The principal parent–child “is a” relationship enabled the majority of relevant concepts to be captured. Additional concepts could be included by using other relationships, for example “Due to” could enable inclusion of concepts for which the current concept is a sequela or consequence, and “Associated with” provides a link to procedures associated with a diagnosis. SNOMED CT concepts with the semantic tag “situation” include concepts for suspected and historic conditions, as well as a few concepts for confirmed disorders, which may be important in some cases. For example, the latest UK release of SNOMED CT contains 2 important “situation” concepts related to COVID-19: “1300721000000109 | COVID-19 confirmed by laboratory test” and “1300731000000106 | COVID-19 confirmed using clinical diagnostic criteria,” which are related to, but not direct subtypes of “840539006 | Disease caused by Severe acute respiratory syndrome coronavirus 2 (disorder)” (the main COVID-19 diagnosis concept).
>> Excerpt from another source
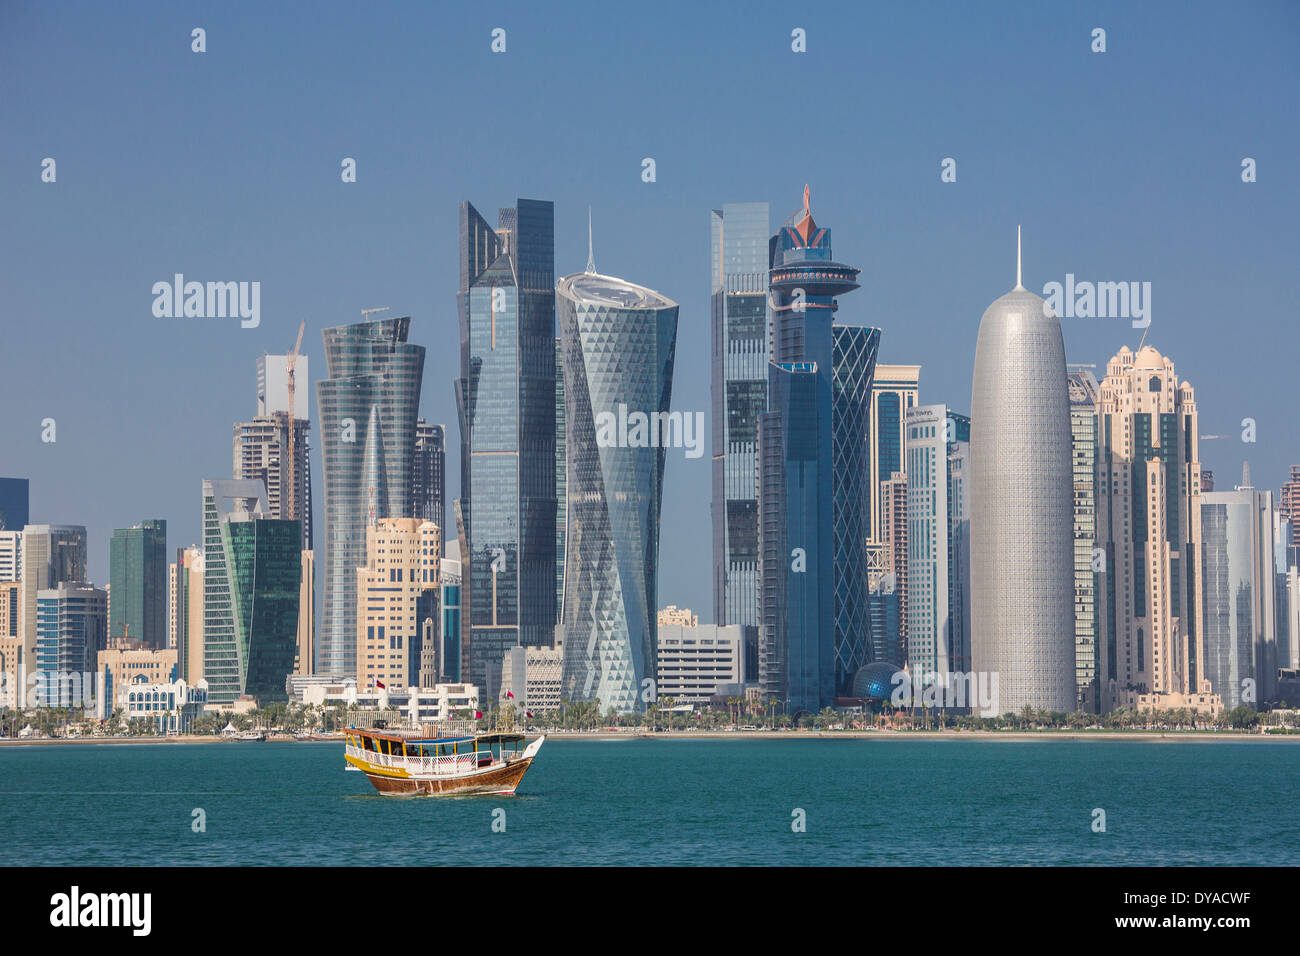 Al Bidda Burj Doha Katar Nahost World Trade Center Architektur Bucht Boot Stadt bunte Corniche futuristische Skyline Himmel Stockfoto

Recommendations for the use of SNOMED CT in defining research phenotypes
Based on our findings, we recommend the use of SNOMED CT concept hierarchies and attributes for generating phenotype definitions in a parsimonious, explainable, and reproducible way. However, there researchers need to be aware of the following caveats:
First, SNOMED CT concepts can become inactive but may have been used to record historic data that exist in research databases. There may be no current equivalent for the meaning of some inactive concepts (if they are ambiguous or deprecated). In this project, we included inactive SNOMED CT concepts using the NHS Digital Query Table, which categorizes the provenance of the link on a 4-level scale (ranging from 0 = subsumption is always true, to 3 = original concept had at least 2 distinct meanings).
Second, the researcher or clinician may have a different intent regarding the inclusion of subtypes compared to the SNOMED CT hierarchy, such as whether gestational diabetes is included within a diabetes phenotype.
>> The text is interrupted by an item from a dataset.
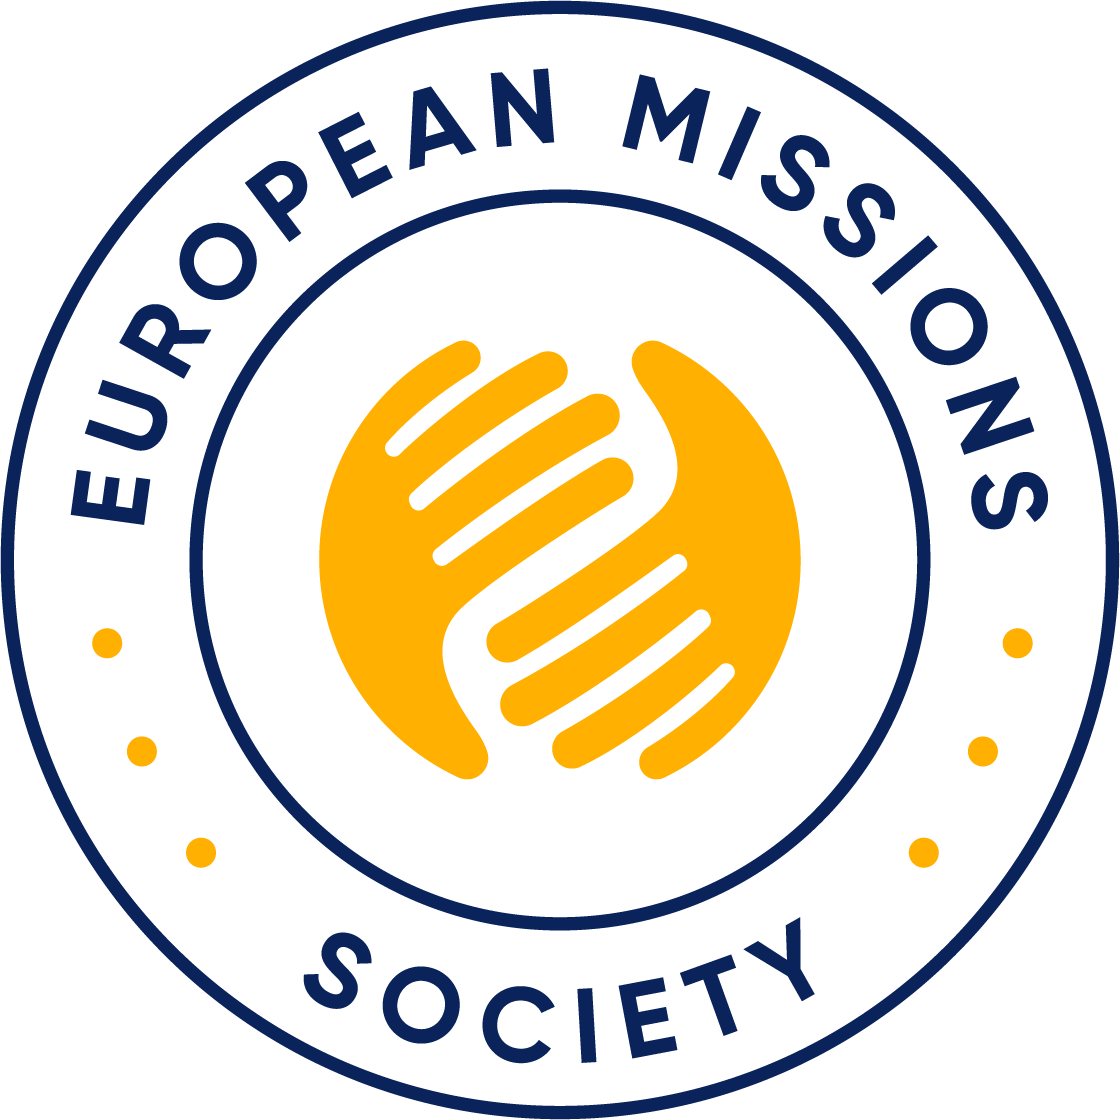 European Missions Society logo

Third, SNOMED CT semantic types may not be adhered to strictly when data are entered, which means that essential information may not be in the expected location in the hierarchy. For example, cancer diagnoses may have been recorded using “morphologic abnormality” concepts which are intended for use on histology reports. Semantic tags are not always consistent with the SNOMED CT hierarchy within SNOMED CT itself.36
Fourth, the SNOMED CT methods rely on complete and accurate relationships between concepts being modeled within the SNOMED CT ontology. While this is broadly the case for diagnoses, concepts in other domains (eg, symptoms/findings) may not be as well modeled, and it is possible that relevant terms may be overlooked if researchers rely solely on the hierarchy. We recommend that ongoing engagement between clinicians, researchers, and SNOMED CT editors should continuously improve the quality of the SNOMED CT model.
Limitations of this study
A limitation of this study is that we considered the existing Read V2 phenotype definitions as the gold standard, and assumed that they were complete and accurate based on the manual review process involved in creating them. Thus it was assumed that any additional Read V2 terms selected by the SNOMED CT method and mapping were extraneous, but this may not have been the case.
Second, we relied on accurate mappings between SNOMED CT and Read V2 as supplied by NHS Digital and CPRD in order to ensure that codelists created using different terminologies had the same meaning.
Third, we did not have access to patients’ original text notes, and were unable to verify the accuracy of the original Read or SNOMED CT concepts entered in the health records. CPRD does not provide researchers with access to the free text within EHRs because of concerns over confidentiality. However, previous validation studies using the primary care databases37 have shown that coded diagnoses are likely to be correct when present, but may be incomplete and may not use the most specific, precise term available.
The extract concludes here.